An Interesting Bug During PnP on a Cisco 9300 Switch
During a project recently, we discovered a switch that was part of a stack that had failed its way all the way to ROMMON. Upon issuing the ‘boot’ statement on the offending switch we watched it rebooting a number of times and by scouring the console messages we were able to discover what was going on.

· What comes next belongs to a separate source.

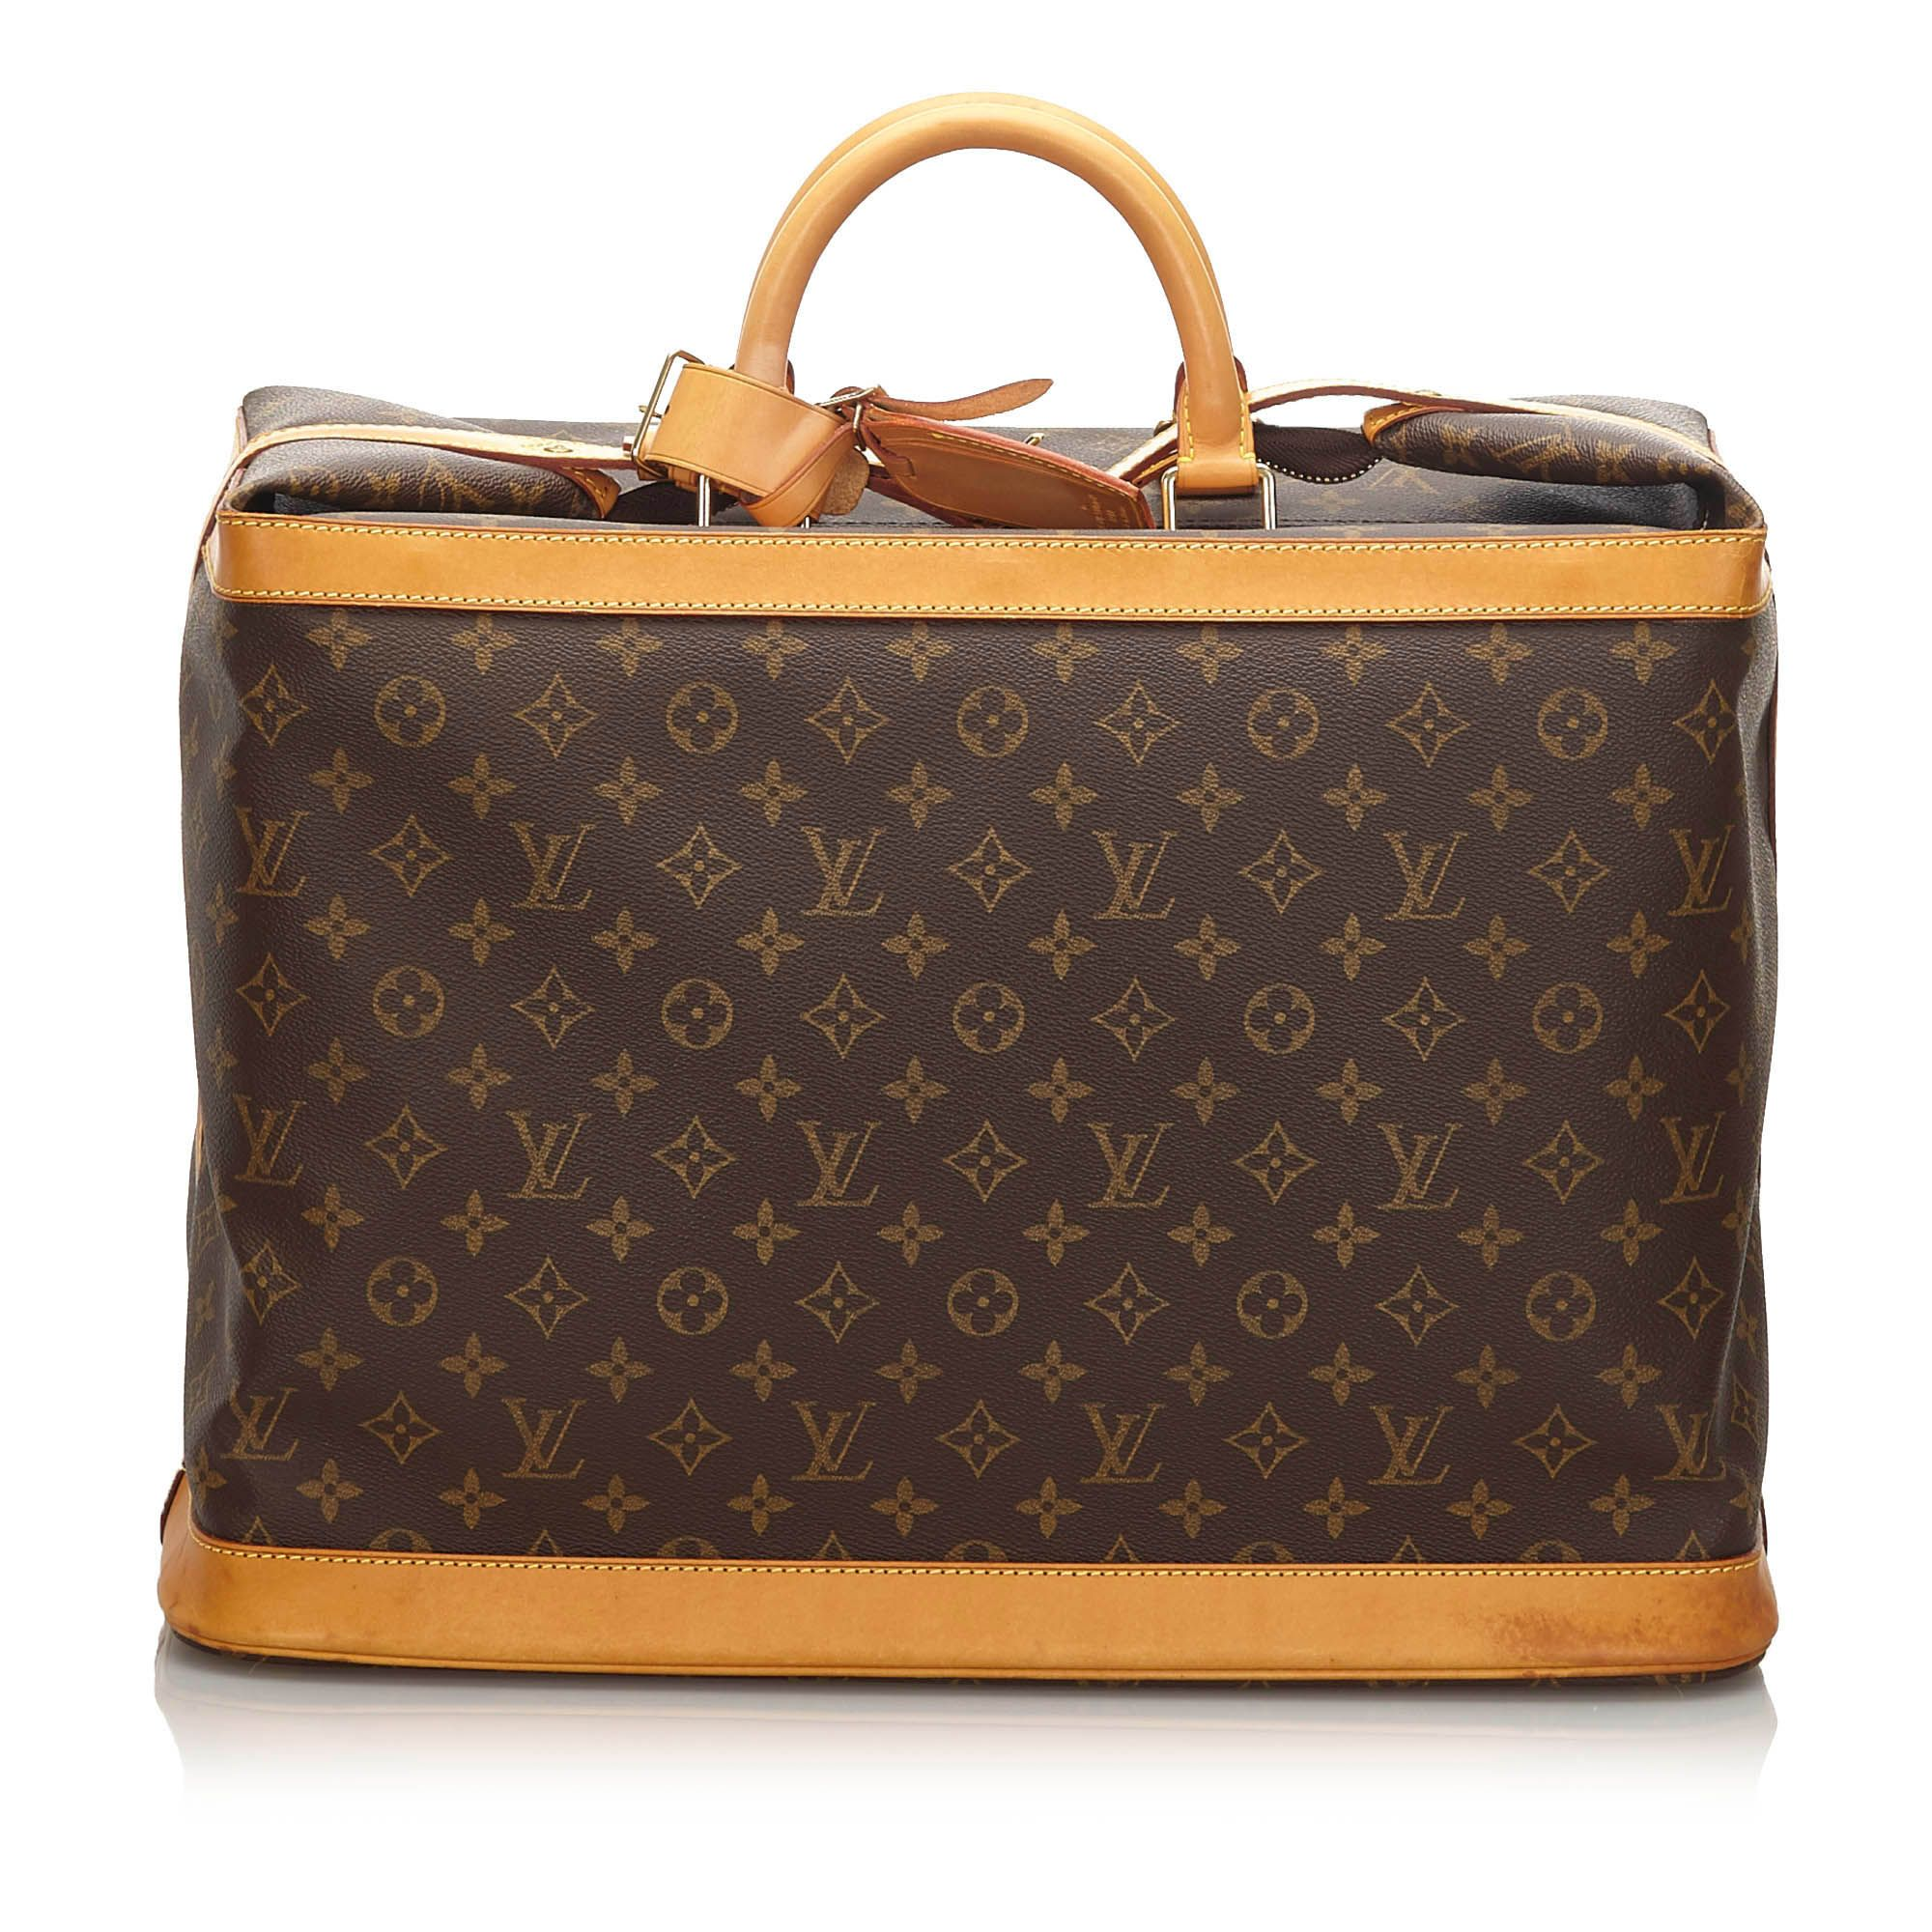 Vintage Louis Vuitton Monogram Cruiser 40 Brown

Apparently, during PnP discovery with DNA Center a command was issued to this switch stack that it didn’t like, causing this Catalyst 9300 switch to experience a “bulk-sync failure”. Or, in other words, the active switch was trying to give the secondary switch its configuration and it was experiencing an issue, causing the secondary switch to reboot in an attempt to recover. After enough reboot cycles, the switch will decide that there’s a problem it can’t solve by rebooting and simply fail back to ROMMON.
The exact lines were:
Chassis 1 reloading, reason - Bulk Sync Failure Dec 10 02:35:46.518: %PMAN-5-EXITACTION: F0/0: pvp: Process manager is exiting: reload fp action requested Dec 10 02:35:47.415: %PMAN-5-EXITACTION: R0/0vp: Process manager is exiting: rp processes exit with reload switch code Dec 10 02:35:51.380: %PMAN-3-PROCESS_NOTIFICATION: R0/0: pvp: System report /crashinfo/Switch_1_RP_0-system-report_1_20201210-023547-UTC.tar.gz (size: 10368 KB) generated
The solution is fairly simple but not exactly intuitive. Run the command “show redundancy config-sync failures prc” on the non-offending switch. You should receive the rogue command in the output.
Switch#show redundancy config-sync failures prc PRC Failed Command List ----------------------- - path flash:/pnp-info/pnp-archive
Do a ‘show run’ and search for failed command and remove it. If you’re coming across this exact bug and trying to resolve it, this particular command is located under the “archive” command.
archive no path flash:/pnp-info/pnp-archive
The last step is to simply save the configuration and allow the other switch to fully boot.